I should note that this is mostly a problem because we do not have digital access to the books that we hold in our physical collection. (It is mostly books with which we have this problem and thus this dilemma now worst affects the humanities disciplines.) Time and again the “affordances” of print – which are many – are also not affordances for those with disabilities; it is the very thing that “disables” such students when a digital copy would have been enabling. Instead, physical books impose physical attendance as a requirement, locking out those who are unable, for health reasons for example, to attend in person. We could have solved this problem with open access to monographs if we’d thought about it harder a decade ago, or if publishers would provide us with digital access to books that we hold in physical copy. The problem is, as I noted above, though, that our students might conventionally seek access from other libraries, so even this latter option wouldn’t wholly help. We cannot afford access to all the texts that might be needed from such libraries.

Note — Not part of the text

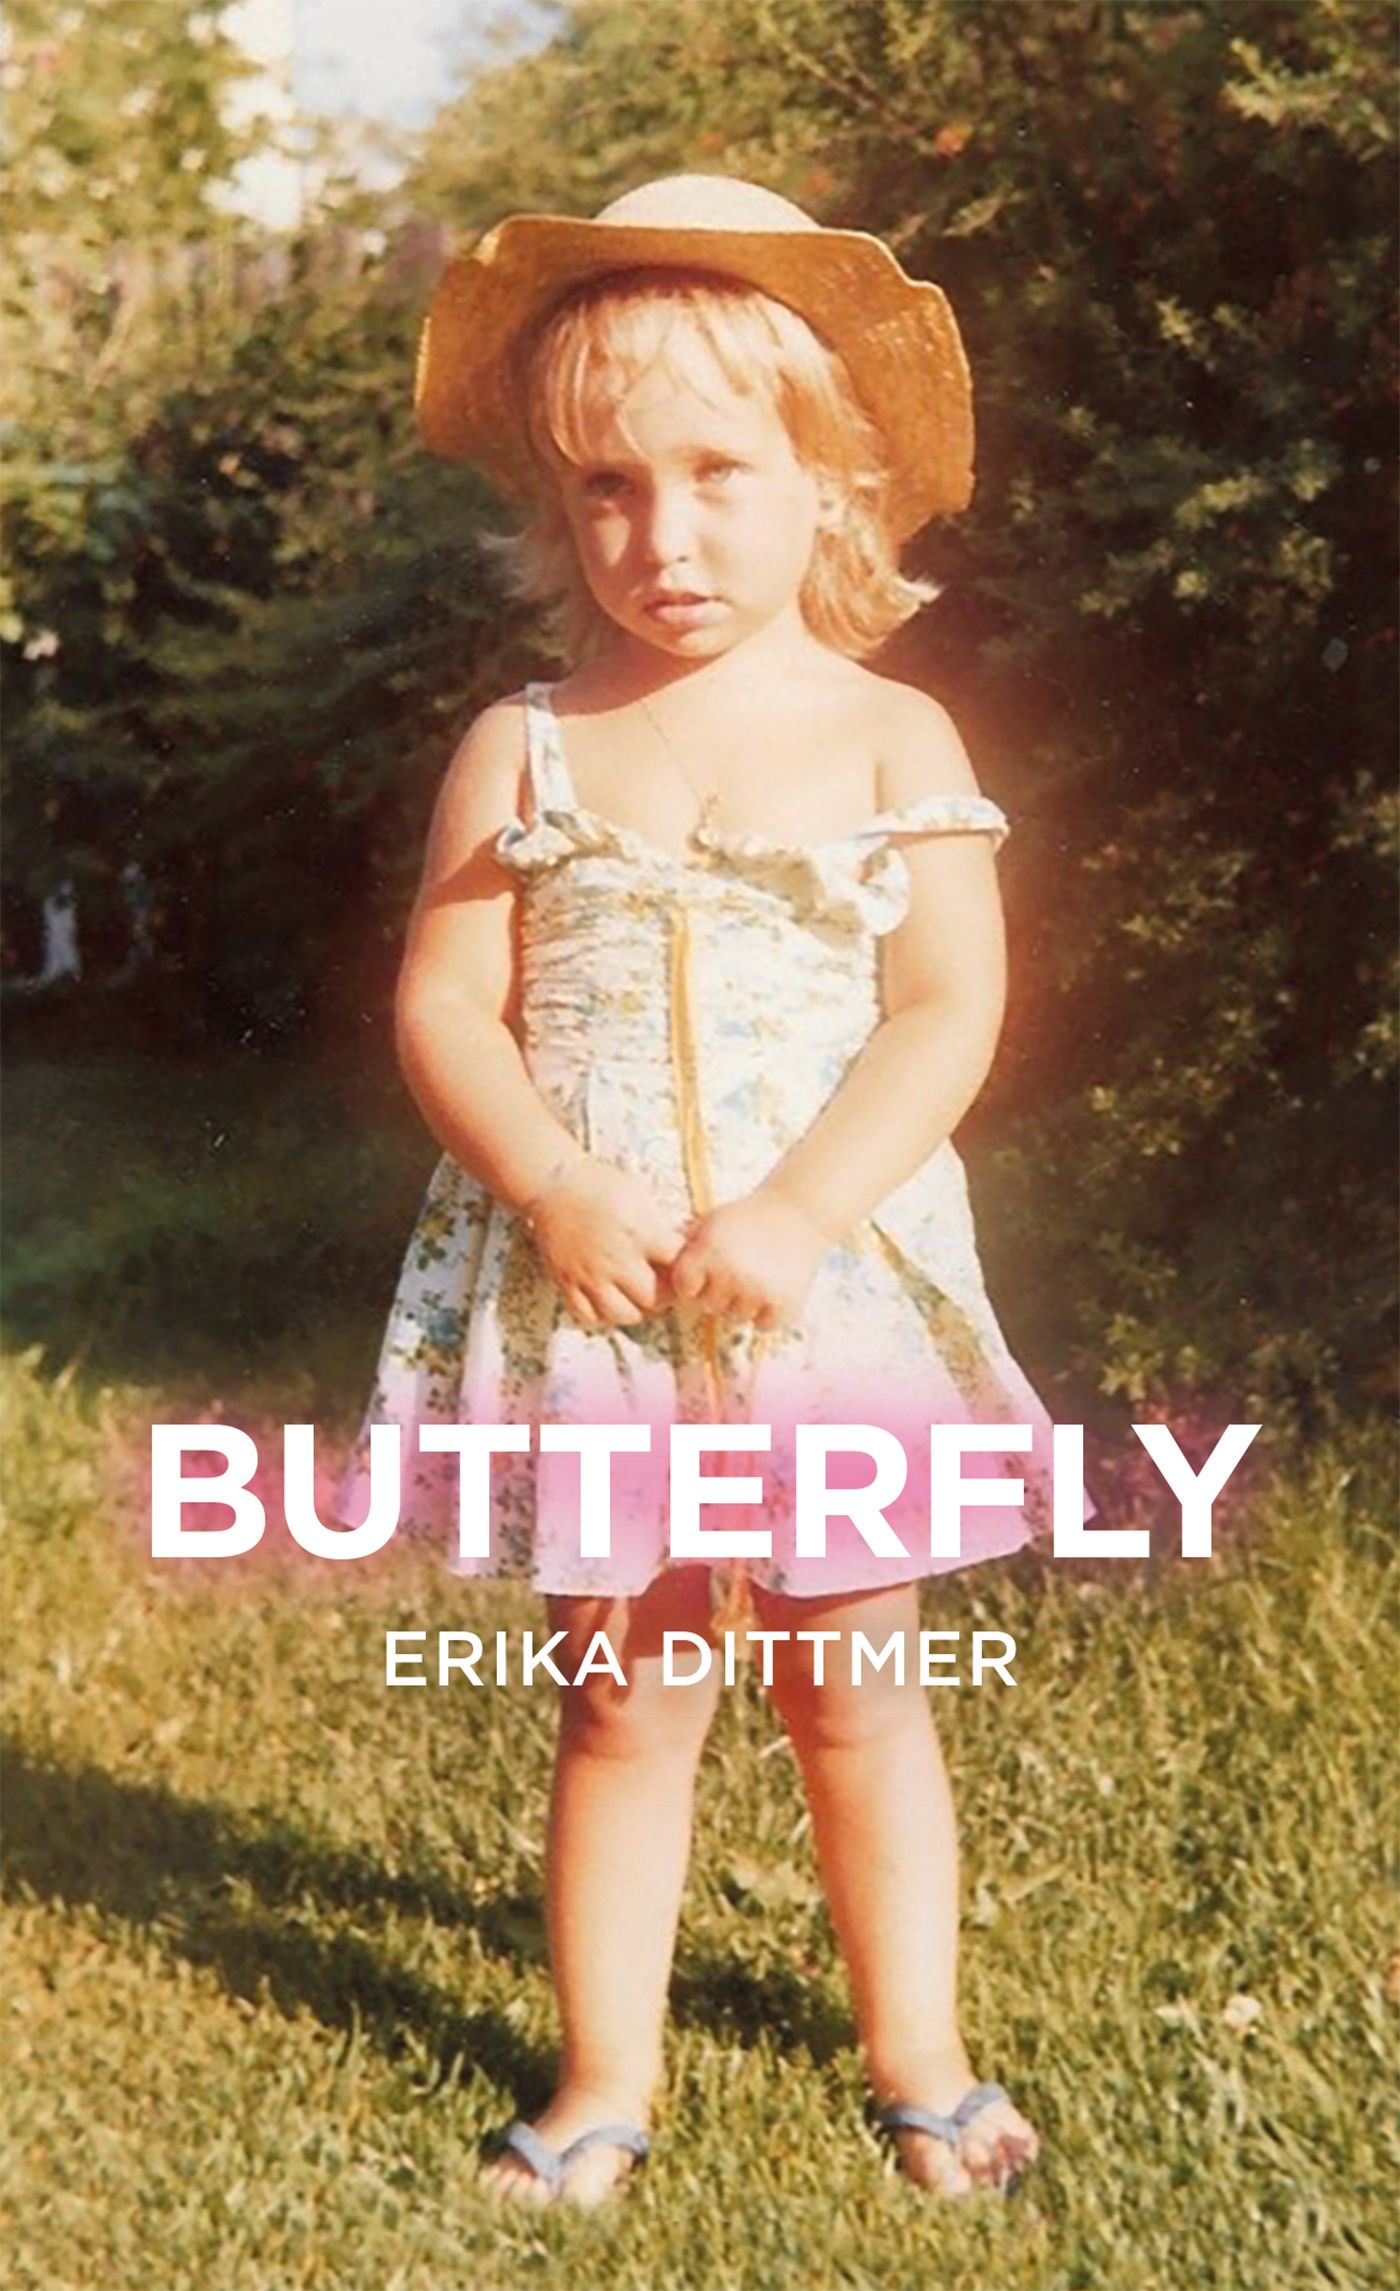 Butterfly, eBook by Erika Dittmer
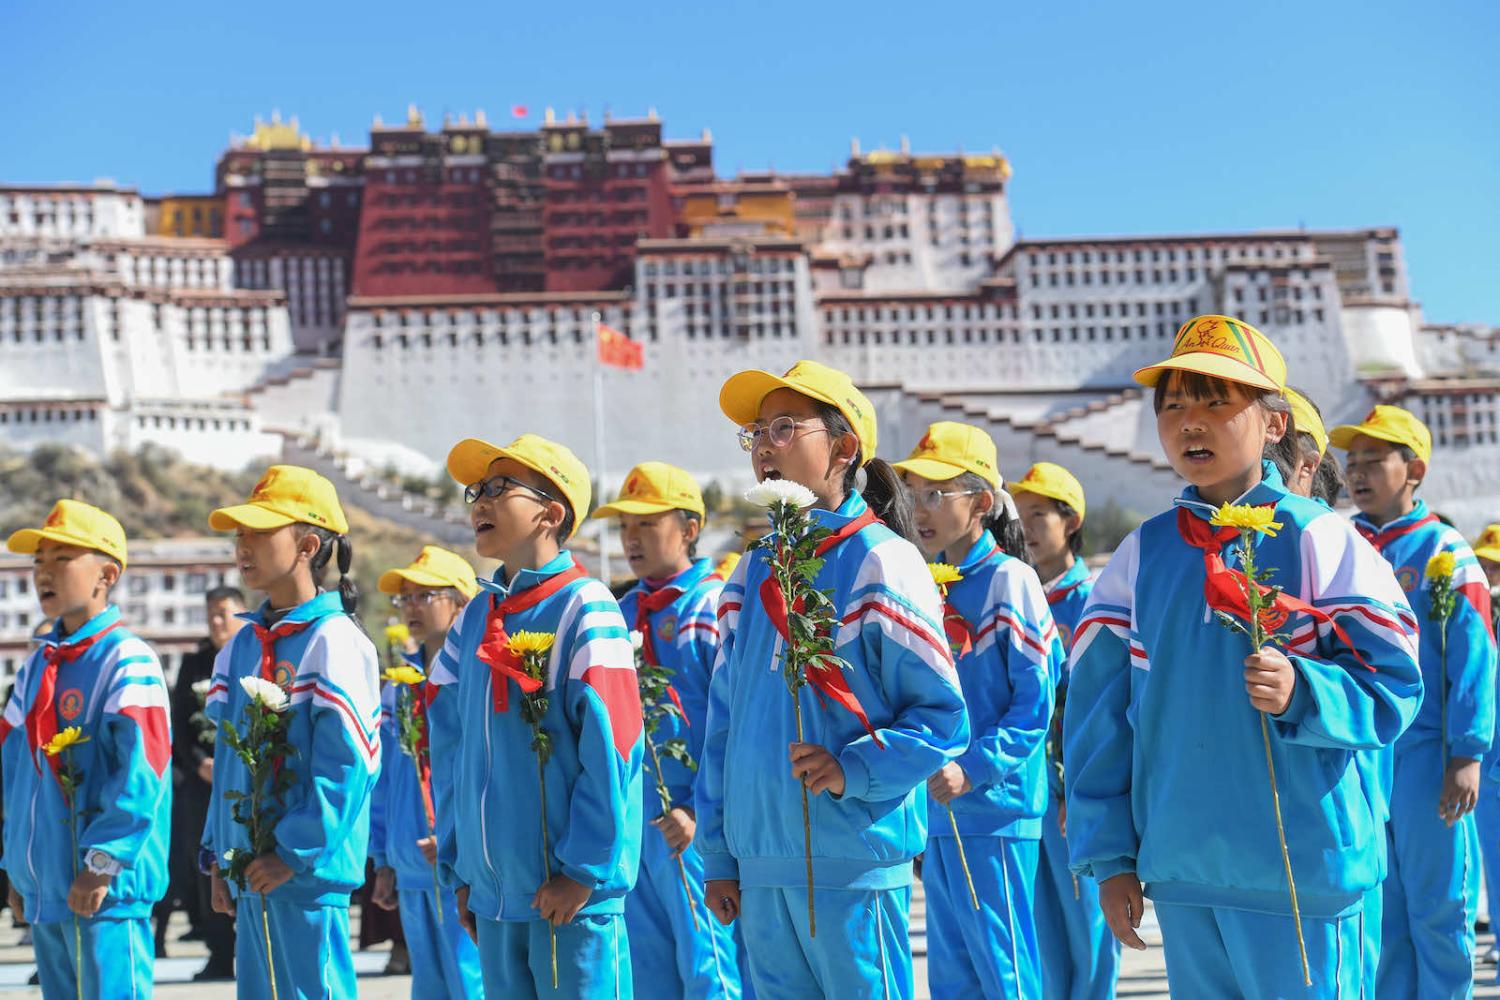 Students sing to mark the 70th anniversary of the “peaceful liberation” of Tibet, 23 May in Lhasa (Photo by Gongga Laisong/China News Service via Getty Images

This is what has annoyed me for ages when organizations such as the Royal Historical Society have said that there are “equality implications” around open access to monographs. They don’t mean: it would improve equality for disabled students who have physical access problems by having OA. They mean that they believe that ECRs who elect (or who are compelled under mandates) to publish OA won’t be hired. (Despite the fact that it will be their members or fellows on the hiring panels.) There are housebound people who haven’t been able to get to libraries for years. Yet we are now going to see a mass scaling of the problem of physical access. Students in the humanities – and particularly those with disabilities – will now intellectually suffer far worse than their peers in the sciences because we do not have open access to as many of our resources.

Yet, we are where we now are. We now have to work with a system where many students – and particularly those with disabilities – will be unable to access the books they would need for their studies. This requires universities to think now about how they will alter their assessment paradigms in the name of fairness and safety.